Challenge Overview
Recently Topcoder has developed an Product Inventory Audit Web Application. First we developed a web crawler to pull the raw html from the site, and data extraction processes to parse data and put information into the Vertica database platform. We've also developed a REST API which allows clients to access the data in JSON format over HTTP and the first client for this service - a Product Inventory Audit Web application. HP is finding the extracted data quite useful and would like to expand the scope of the application.
In this challenge we need to create a new command line application to retrieve product data information from Best Buy site, and to modify the existing data extraction application to support modified schema.
Note that the Amazon support is NOT required in this challenge.
- We'll provide the existing schema file for the current data model and the new schema which (we think) will support saving product prices and product reviews from multiple sites.

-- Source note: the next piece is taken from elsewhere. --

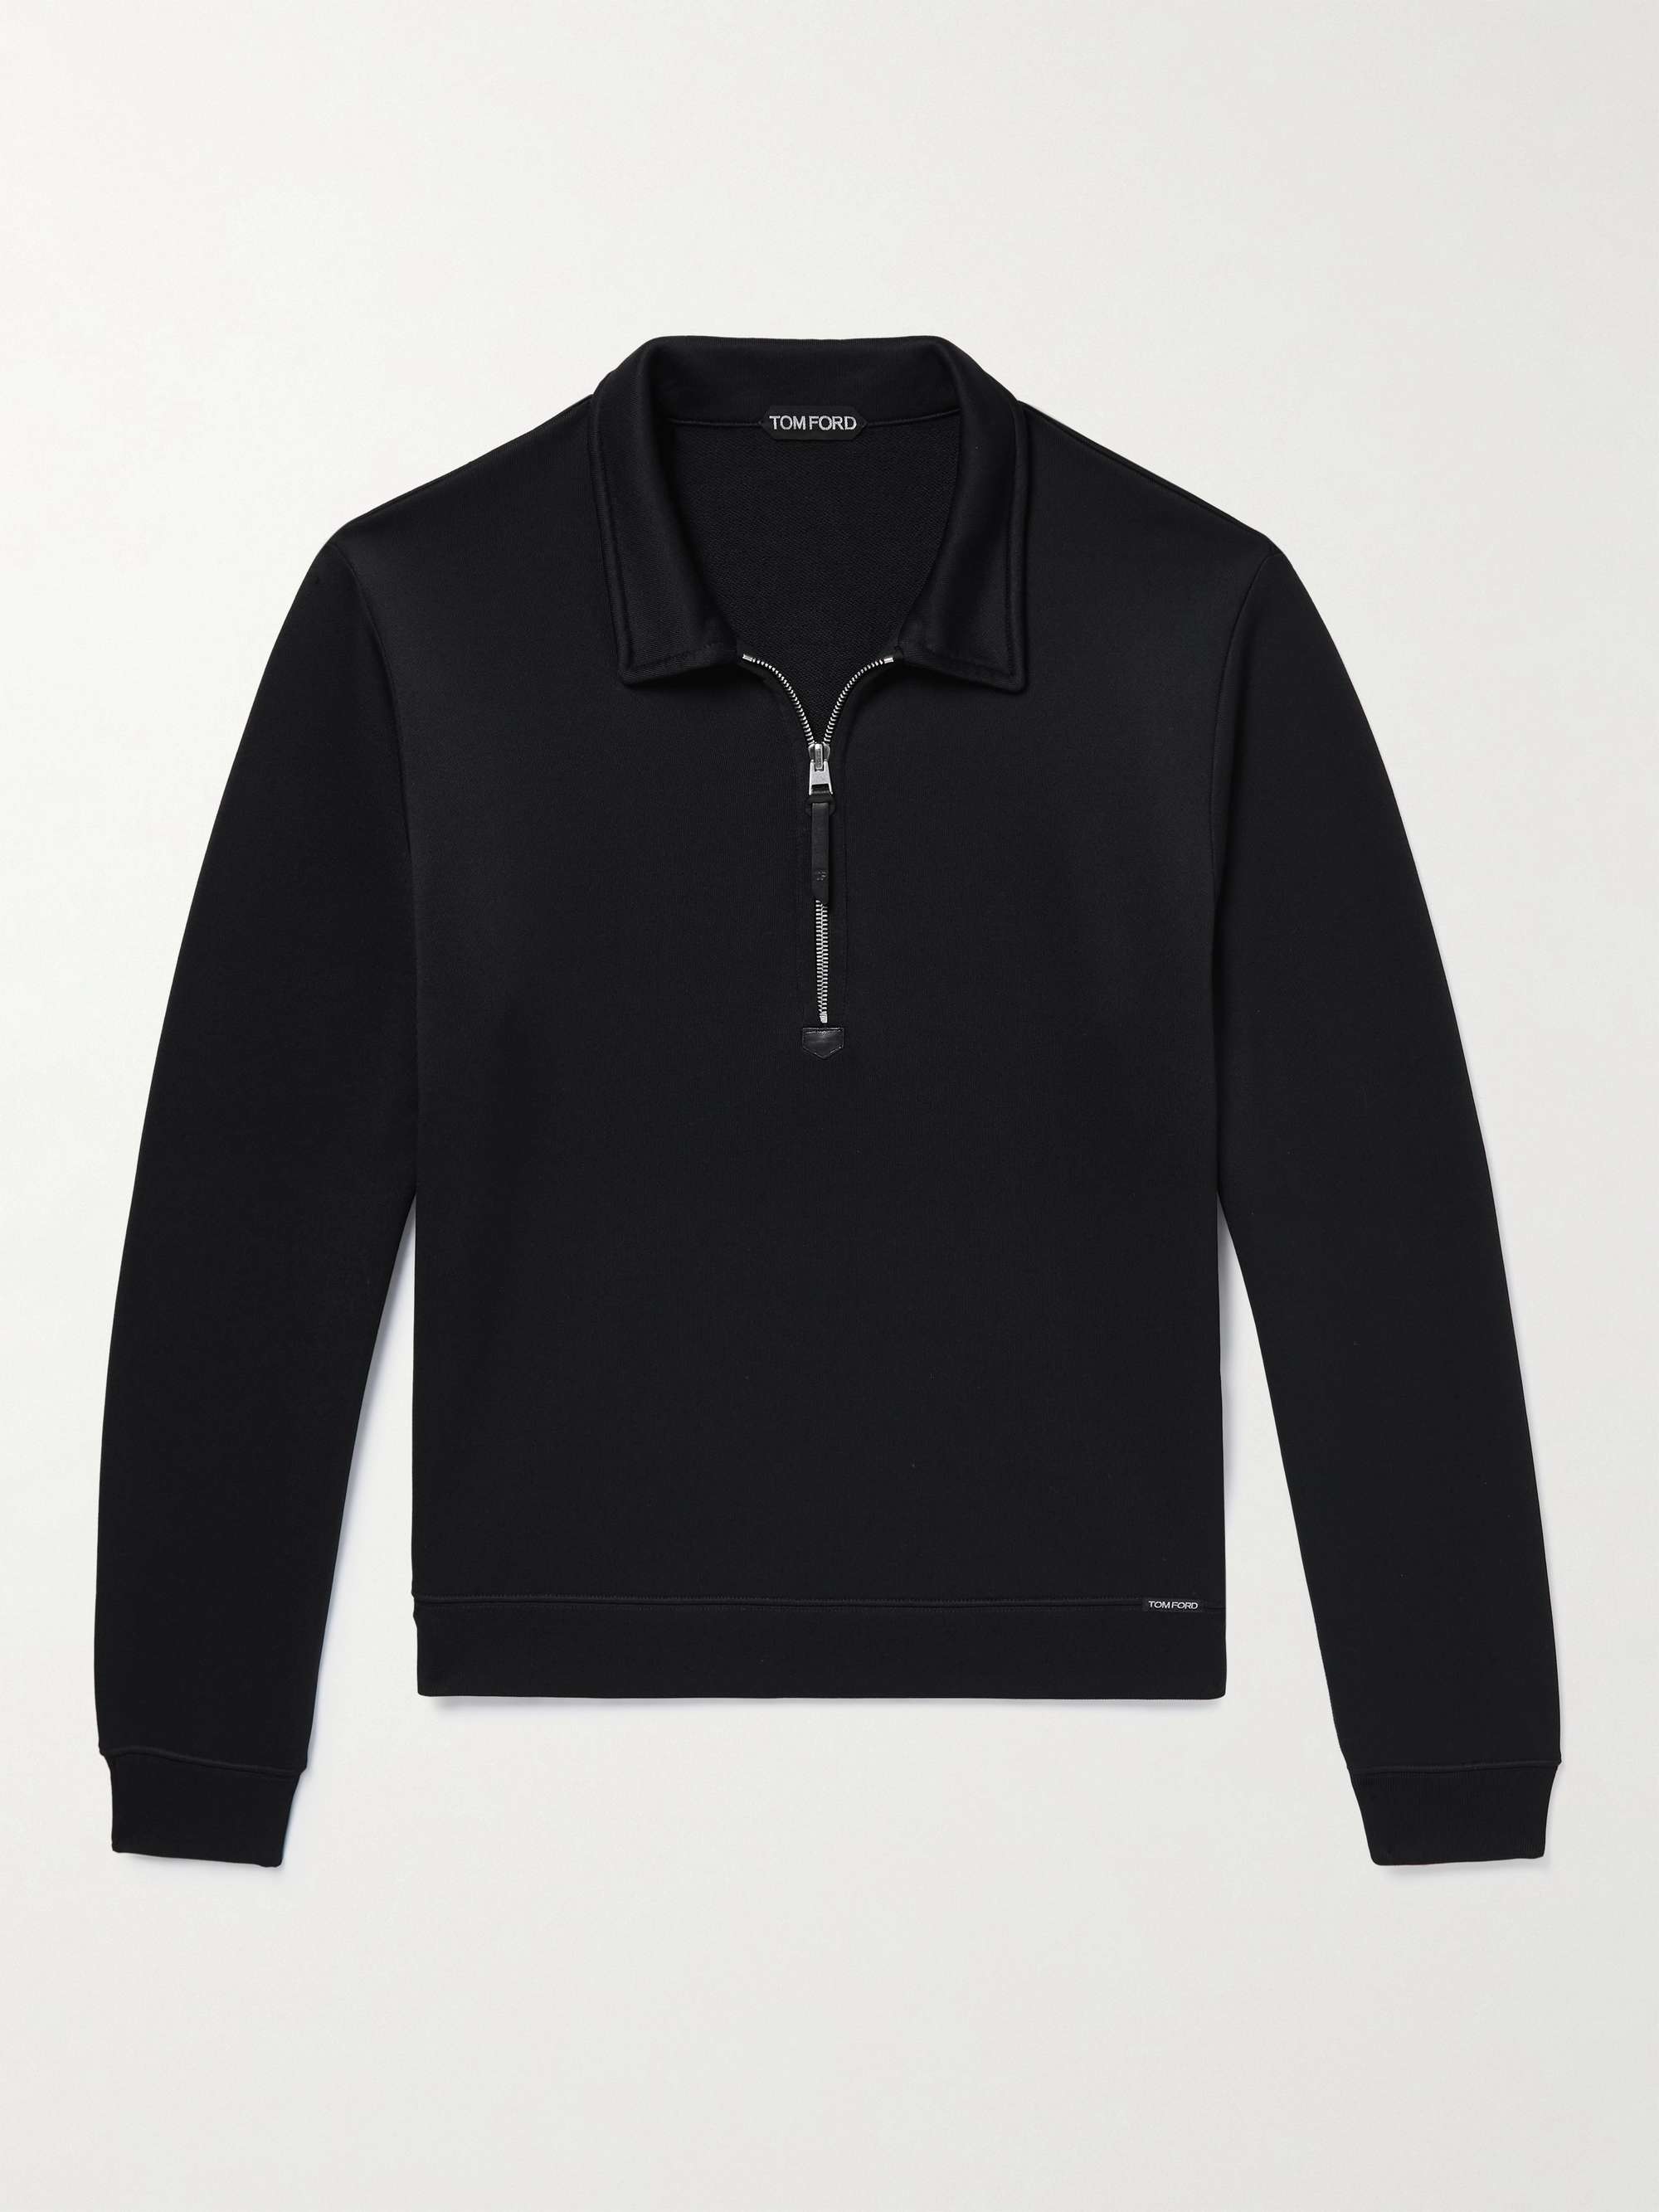 TOM FORD Slim-Fit Jersey Half-Zip Sweatshirt

If you need to make additional changes to the Vertica data model to support the functionality requested then you'll need to provide the DDL scripts for your changes to the product extraction database.
- You can populate product data into your local data by using the current data extraction application which is attached to this challenge and will be provided in the Code Document forums. It is straightforward to build and execute. Here is a set of raw HTML pages from the HP web site which will facilitate this. You'll need to upload at least a few products into the Product table so that your application knows which products prices and reviews to pull from Best Buy.
- Update the data extraction application to support modified schema. The current application supports only one price and one set of reviews (for the default HP site). The application must support prices for different sites and reviews for different sites. Do not break existing functionality. Initial requirements were given here: https://www.topcoder.com/challenge-details/30050923/?type=develop&noncache=true. Keep in mind that the application suffered a few modifications, so please ask if some features are not clear.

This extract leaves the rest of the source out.